**Task description:** Wherever a picture sits, omit it. Output the rest of the listing exactly.

**Dataset section:**
::::::
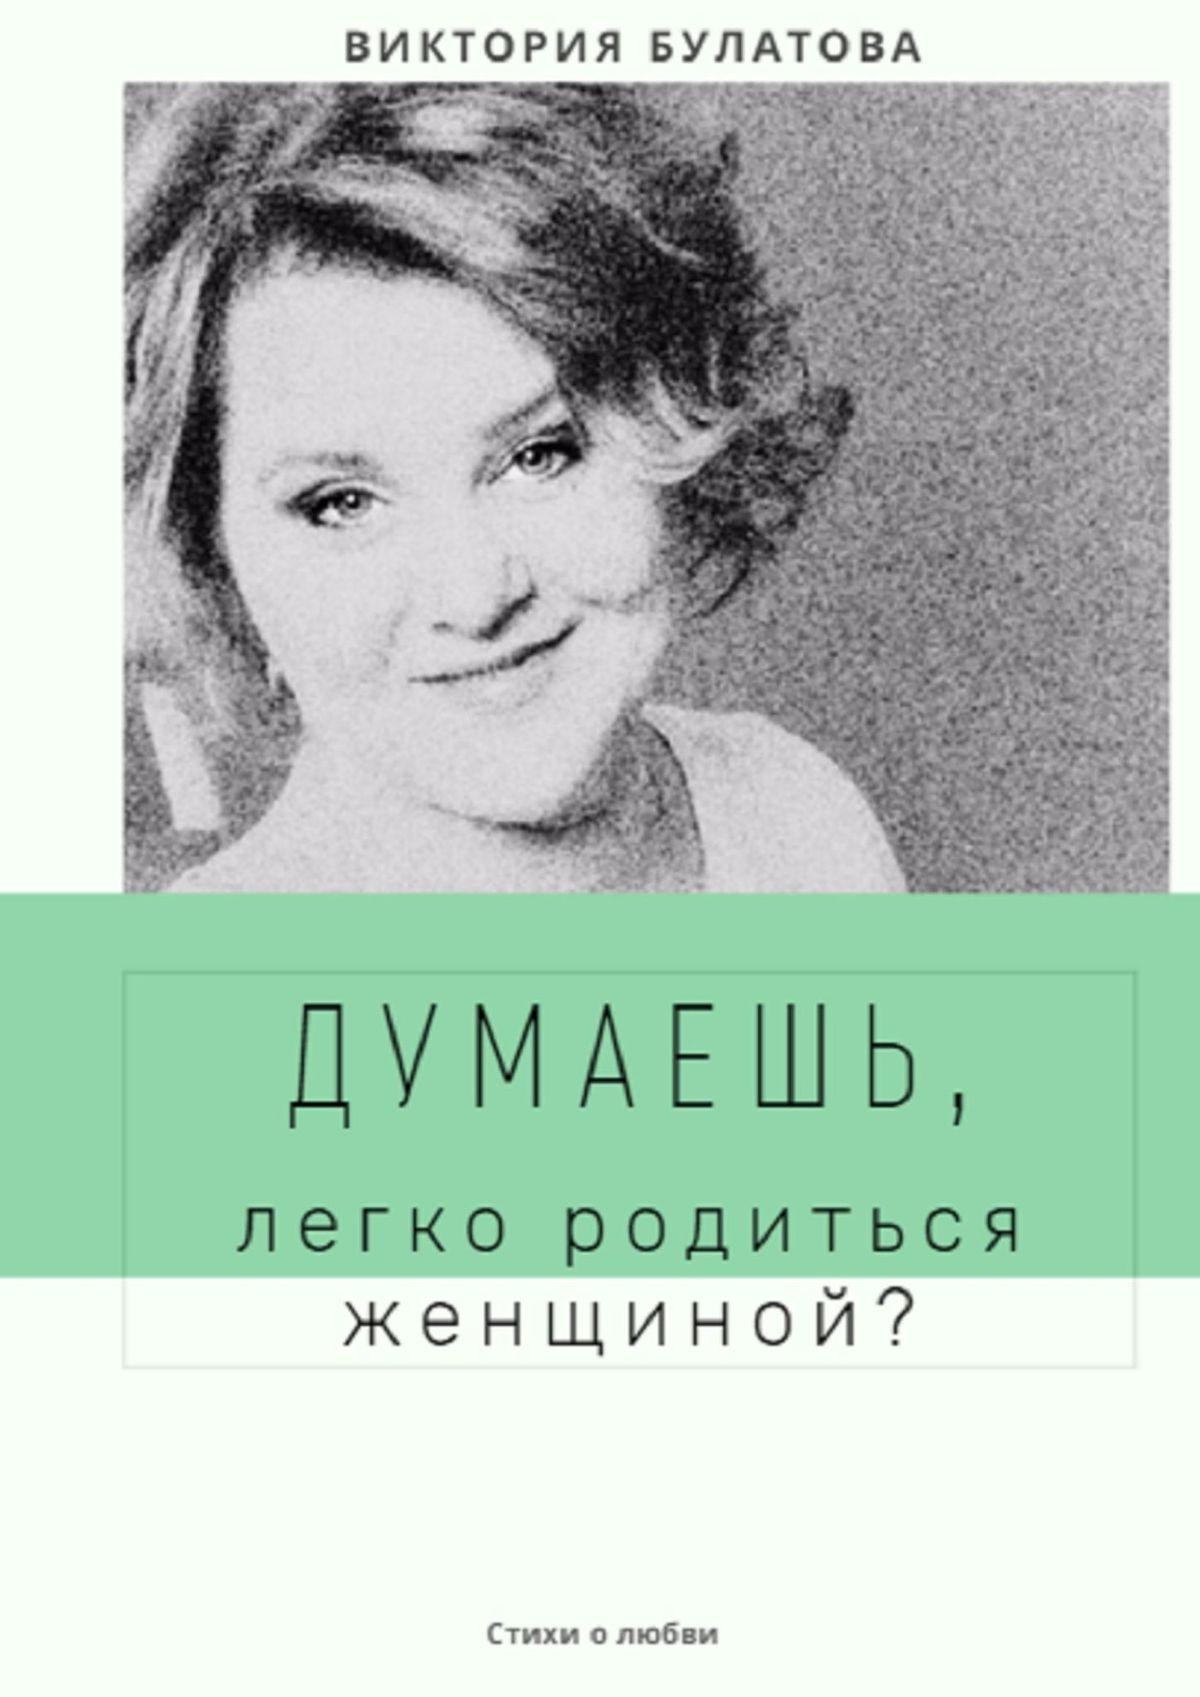 Виктория Анатольевна Булатова. Думаешь, легко родиться женщиной?
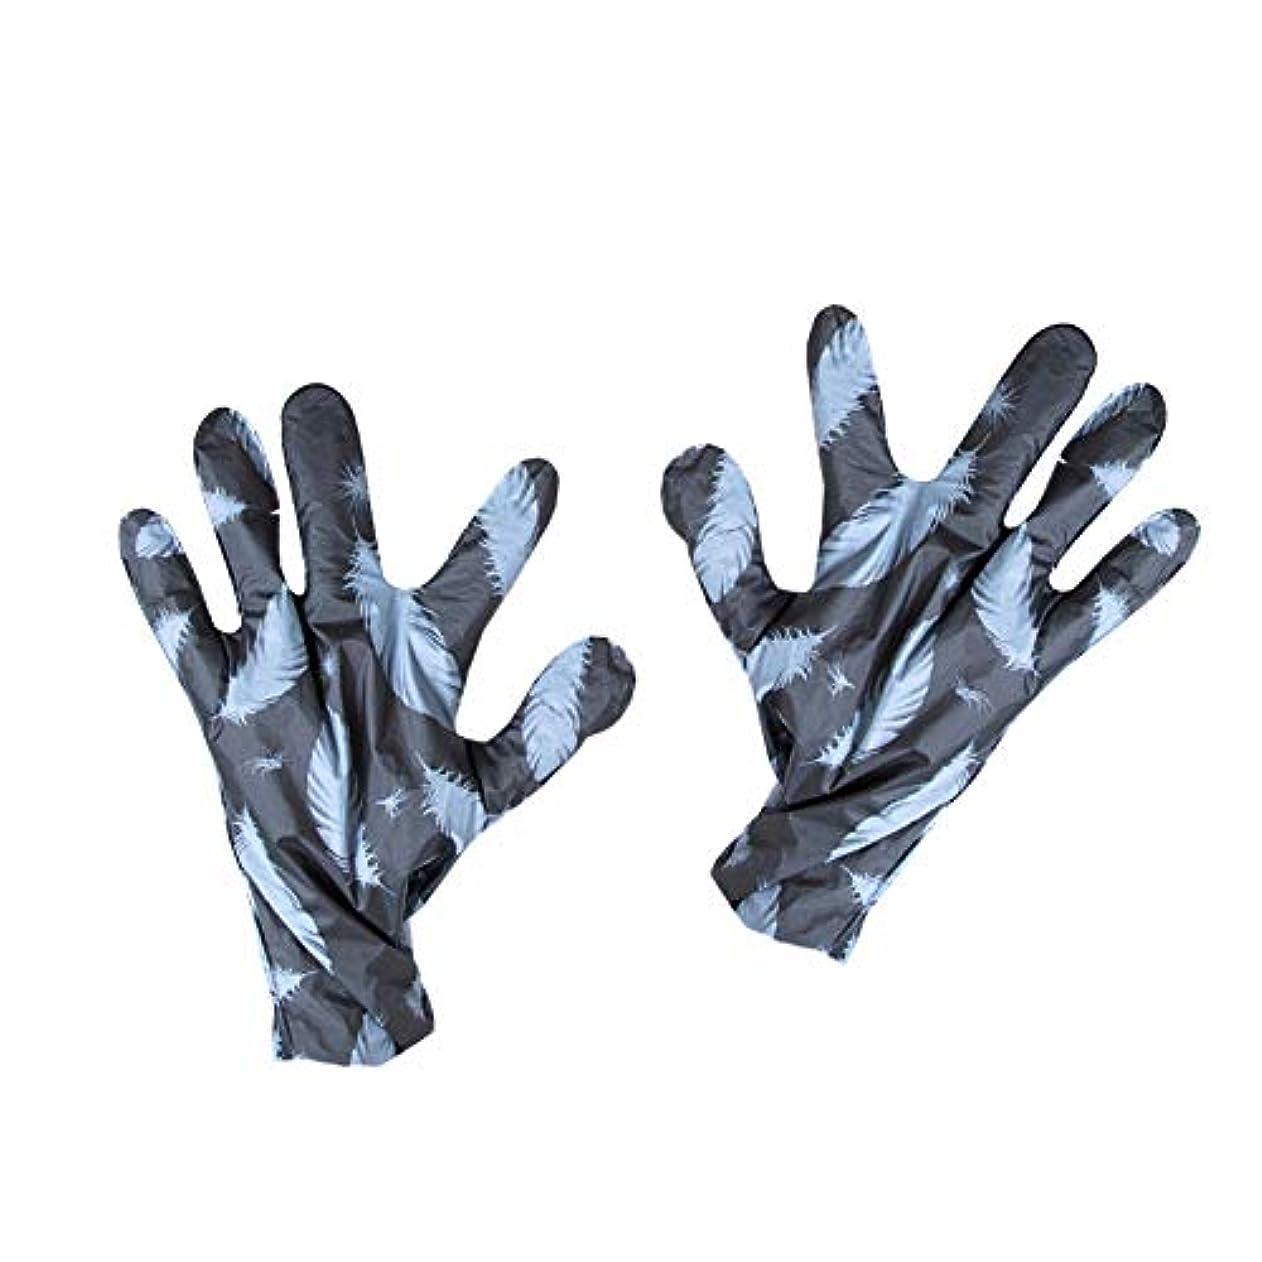 マークダウンデイジーカテゴリー火山ホワイトニングモイスチャライジングハンドマスク膜の手手袋をはめた手の乾燥泥角質除去、保湿浄化パック1
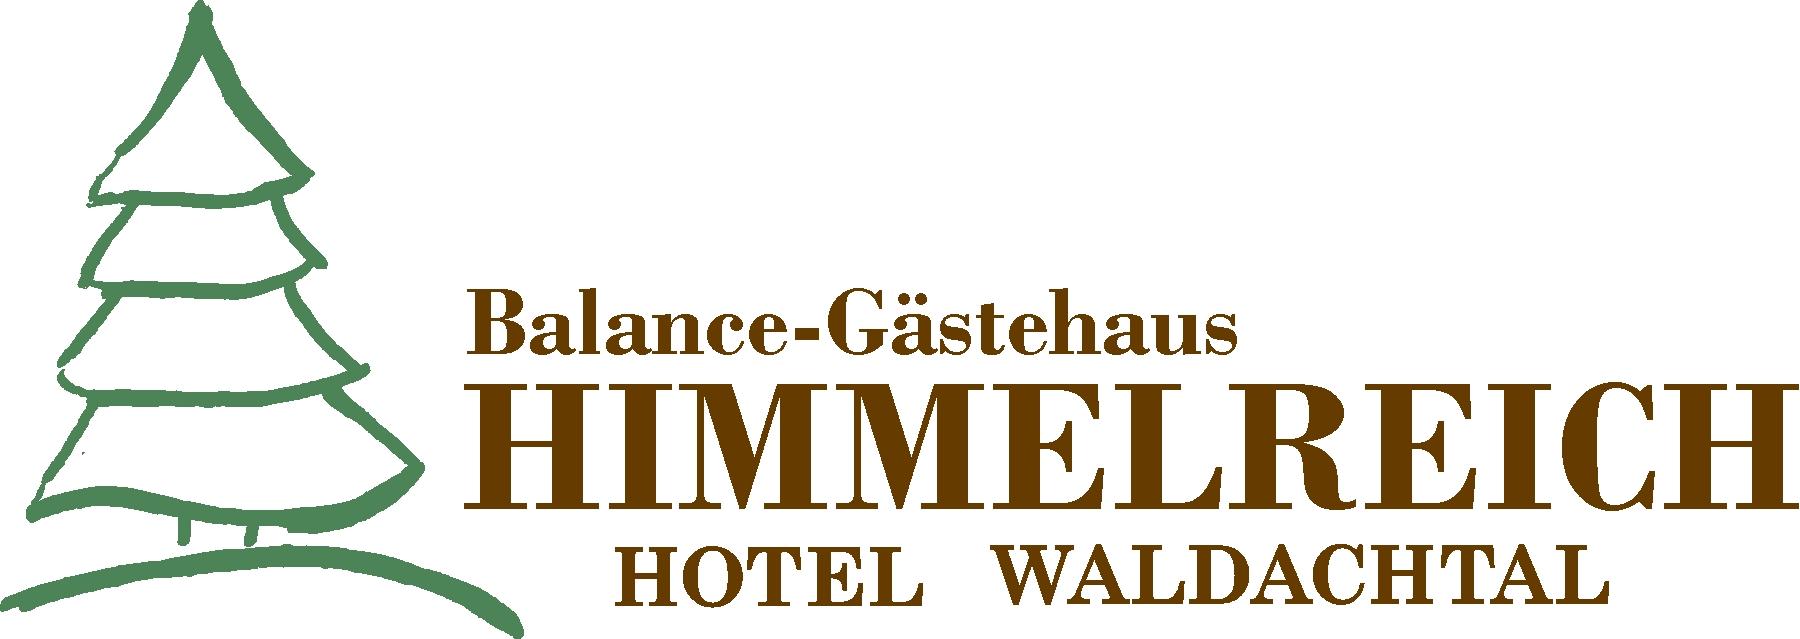 Schnäppchen Angebot Hotel Himmelreich Schwarzwald
::::::
**Your solution:**
 Виктория Анатольевна Булатова. Думаешь, легко родиться женщиной?
 マークダウンデイジーカテゴリー火山ホワイトニングモイスチャライジングハンドマスク膜の手手袋をはめた手の乾燥泥角質除去、保湿浄化パック1
 Schnäppchen Angebot Hotel Himmelreich Schwarzwald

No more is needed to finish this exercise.